О Боге он предпочитает не говорить и этим напоминает провинившегося ученика, который знает, что чересчур частым употреблением циничных слов и курева потерял наивность восприятия, обоняния, осязания, – то, чем еще можно вернуть себе Его высокое присутствие.
Косвенно, не упоминая Его имени, он пытается всяческими уловками доказать, что Бог это порождение нашего страха перед смертью, но понимает, что наше одиночное существование на высотах, порождает думы о Нем.
На следующий день собираюсь назад, на Демерджи-Яйлу, ухожу на минуту за кустик; внезапно старик возникает рядом, в неизменной шляпе с пером: "Что, пугаете разбойников?" Застав меня врасплох, спрашивает в упор и в явно не подходящем месте, как учитель ученика, не очень-то верящего в его выкладки и доказательства:
– Вы верите в Бога?
Но тут возникают Богачев, Игнат, смеясь, перебрасываясь со стариком шутками.
Вопрос повисает в воздухе.
Спускаюсь в долину, иду по узкой тропе между двумя горами – Кудрявой Марьей и Лысым Иваном, поднимаясь в сумерки на знакомое плато, вижу вдалеке наши палатки, пустые, застегнутые: Толя уехал в Симферополь болеть за свою жену, поступающую в пединститут, и мне долгое время предстоит быть на горе одному.
Лежу в полнейшей темноте палатки, треугольник входа серебрится лунным светом, и в нем мерцает смеющийся старческий рот Ковалевского, за ним реют какие-то невнятные метафизические покровы мира, разрываемые сухими истлевшими ребрами, но все это оттесняется живой водой женских лиц – одна Валя сменяет другую, озабоченное лицо Надежды Васильевны растворяется в улыбке Беллы.
Юношеская тяга к метафизике – как оправдание стеснительности перед живой прелестью женщины.
Я погружаюсь в сон, как ныряю в море, я плыву, я стараюсь оторваться от кого-то, кто настигает меня – мой враг, мое сомнение, моя боль, моя женщина…
Да, это Белла…
Девочка, плыви назад, тебе нечего делать в этих гибельных водах, на этих разреженных высотах…
И ее виноватую улыбку относит течением в забытье.
Утренняя молчаливая молитва гор и моря: быть может, весь иудаизм – жажда перевести такое ослепительно-радостное утреннее пробуждение природы в чисто духовное переживание?

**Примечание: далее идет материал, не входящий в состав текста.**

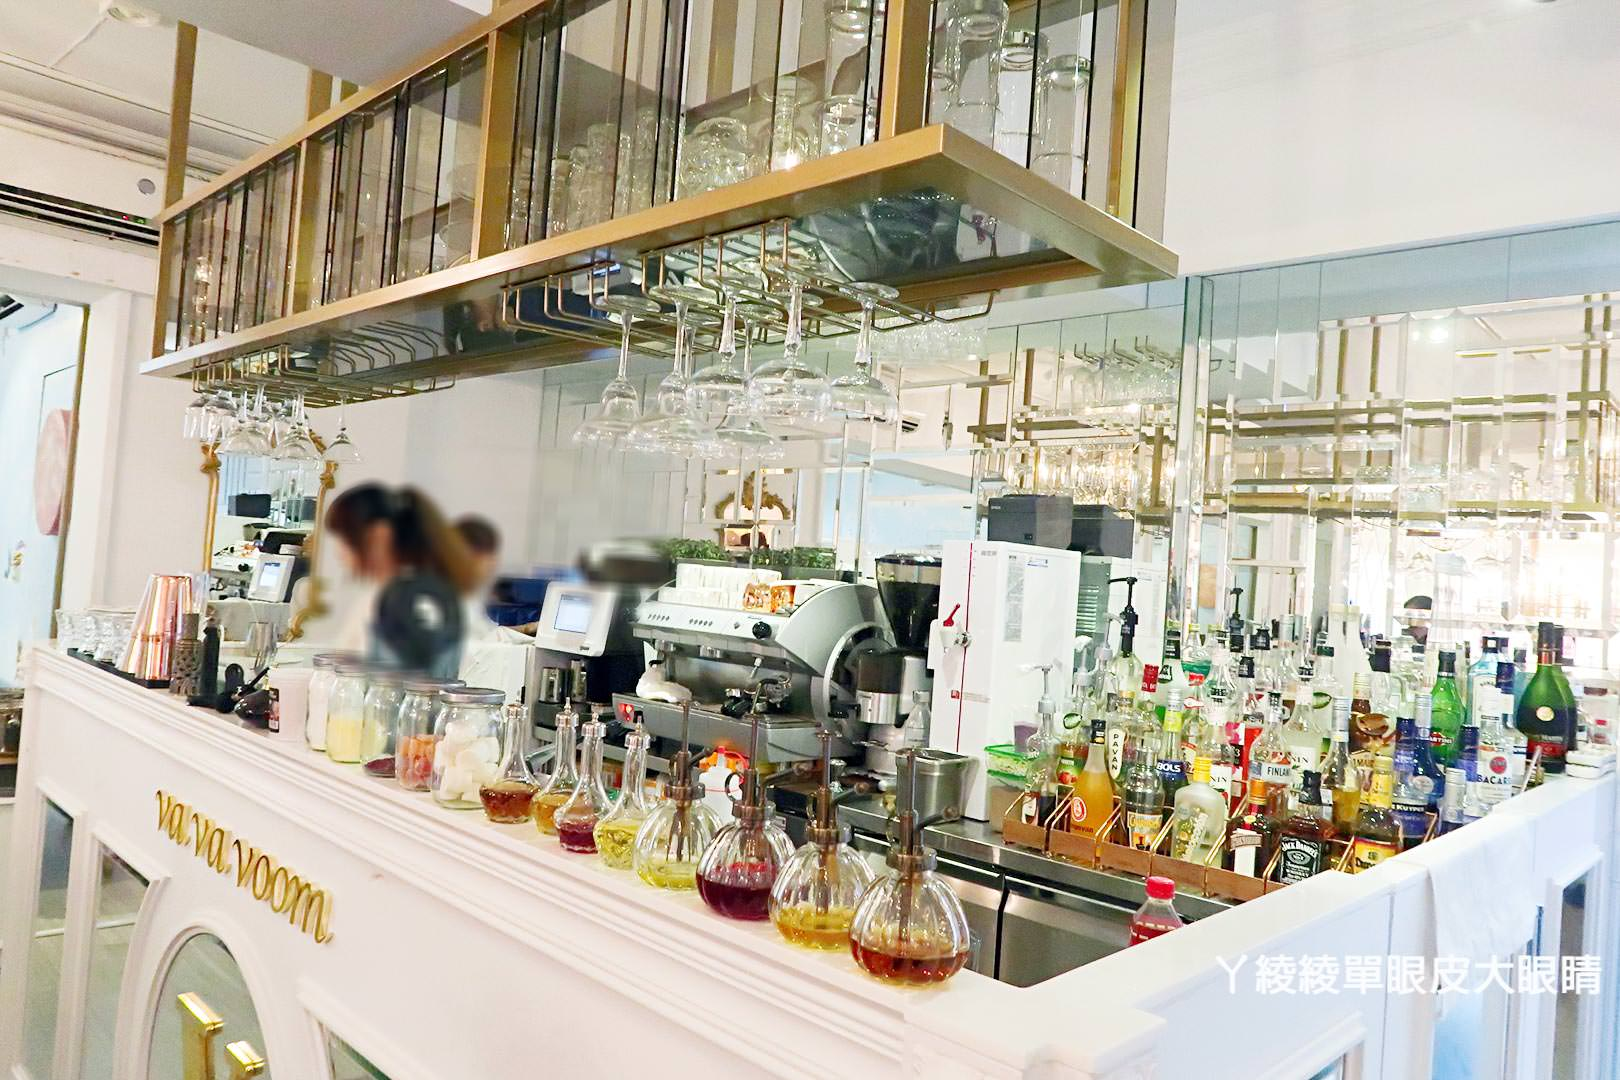 台北東區超人氣打卡地點!VA VA VOOM時尚派對餐廳《韓服婚紗和服旗袍》變裝主題派對

И я умываюсь холодной водой из бидона, пью чай, прочищаю горло блоковскими стихами:
Я встал и трижды поднял руки.
Ухожу один в маршрут, осененный какой – то девственной небоязнью, спускаюсь в обрывы, хожу по краям расселин, сплю, где меня застает ночь, насобирав опавшие листья, и вокруг меня все время стоит чистота, сухой и легкий воздух одиночества: оказывается, на высотах, где живут лишь орлы, можно ощущать себя по-домашнему.

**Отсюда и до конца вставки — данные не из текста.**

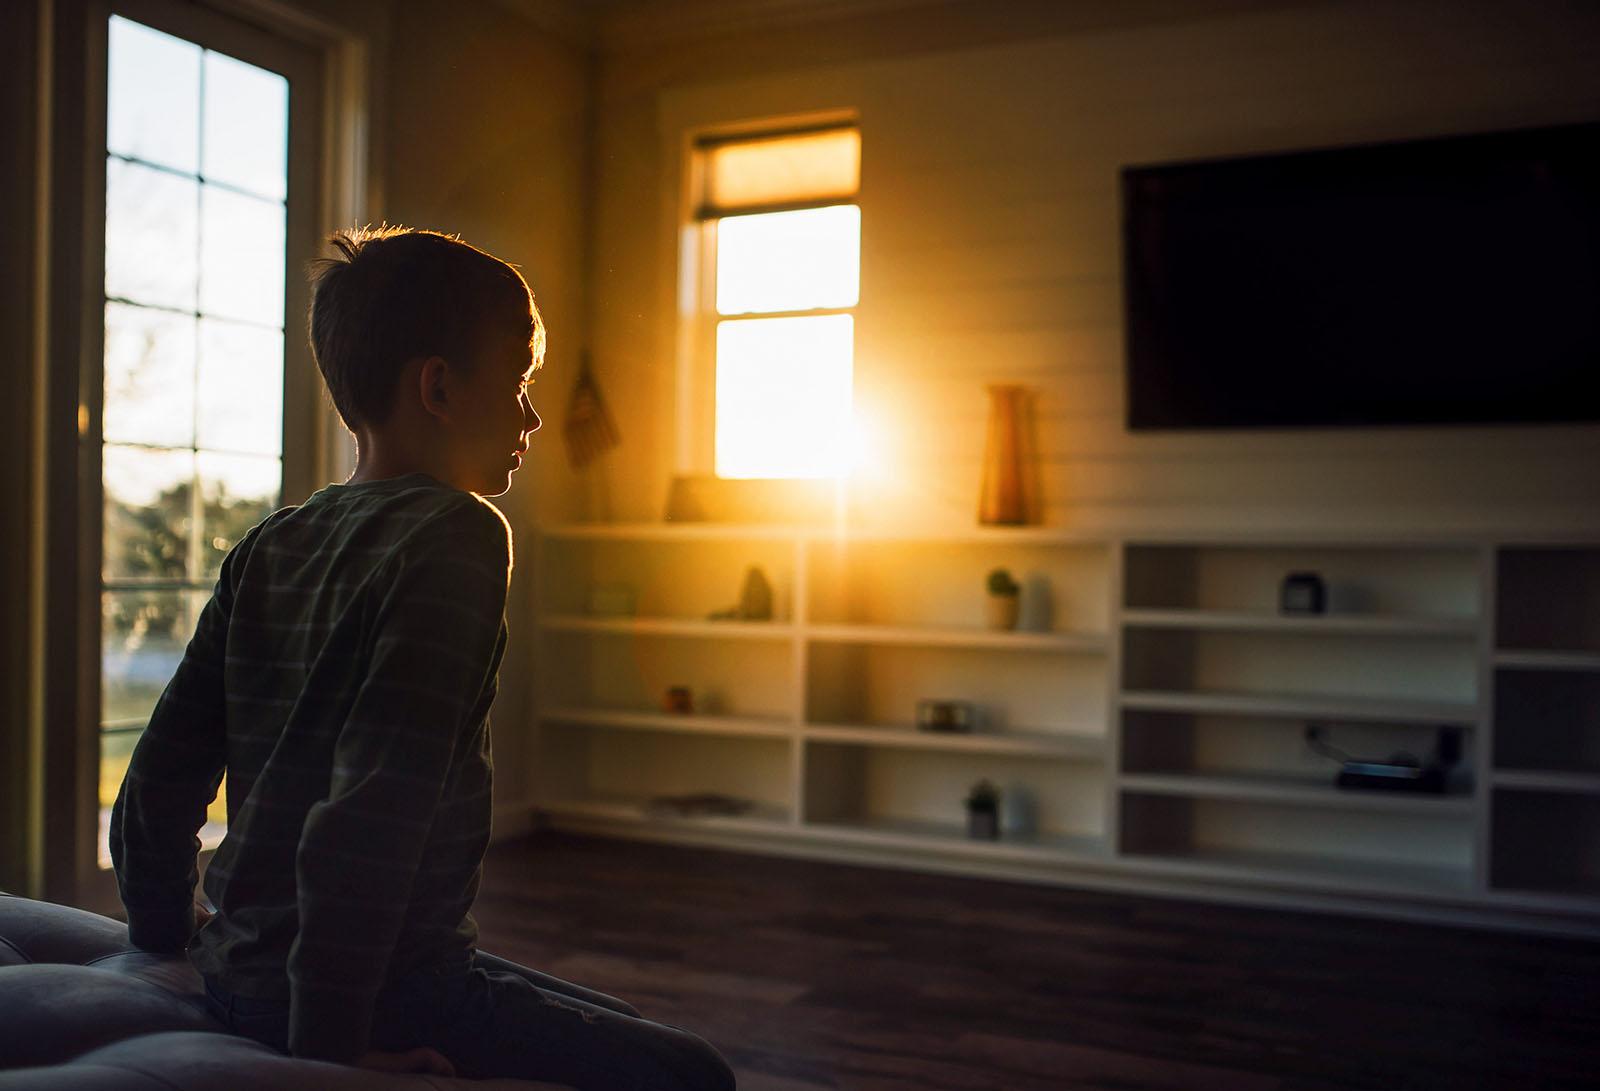 Golden sun flare through the window illuminates boy

Здесь и вправду иная жизнь, не смешиваемая с той, что внизу, и заброшенные в чаще источники под полугробницами-полуалтарями Ай – Андри и Ай – Анастаси – вот символы этой жизни, а не замызганные овечьим стадом корыта ниже по склону. Они хранят печаль вечности, эти источники, подернутые зеленой ряской, неподалеку от прозрачной, уже начинающей поигрывать своей мощной рясой вод, текущей между камнями Улу-Узень, и я подолгу сижу над струнным ее течением, и вокруг меня трепещут полуденные тени, таящиеся, юркие, прячущиеся с приливом солнечного света, как рыбы под камень, ящерицы в кусты, и мне так ясно в эти мгновения, что вся наша жизнь это игра в прятки с тенями.
Вода Улу-Узень чиста и сильна до того, что падающей своей струей сама себя вышибает из кружки, а прикоснуться к струе ртом и вовсе невозможно, и зной полдня и холод кинжальной струи в одиночестве гор обозначает удивительный миг в моей жизни, ее пик, безмолвие, печаль, ибо я знаю, что это уже никогда не повторится.
Меня не тянет вниз, в плоские долины жизни; в эти мгновения я точно знаю, что должен жить на этих высотах.
Сколько же мер свободы и одиночества будет мне еще отпущено в подарок до того, как снова окунусь в суету и мелочь, как окунаешься в воды у пляжа, в которых плавают окурки, бутылки и обертки; до того, как снова столкнусь с зеленщиками, которые оперными голосами выпевают свой товара, улыбаясь им, ты ощущаешь себя равно с ними ничтожным; до того, как вернусь в червеобразные ходы городских улиц, где обжигающее лезвие летящих сверху вод будет казаться сном иного мира, который уже в эти минуты гнездится во мне и устраивается навсегда памятью лучших мгновений жизни.
Никогда позднее пища, которую я сам для себя готовлю, не будет мне так во вкус и впрок, никогда позднее тело мое, круглые сутки пребывающее в одних плавках под солнцем и звездами, не будет таким неимоверно легким и сухим.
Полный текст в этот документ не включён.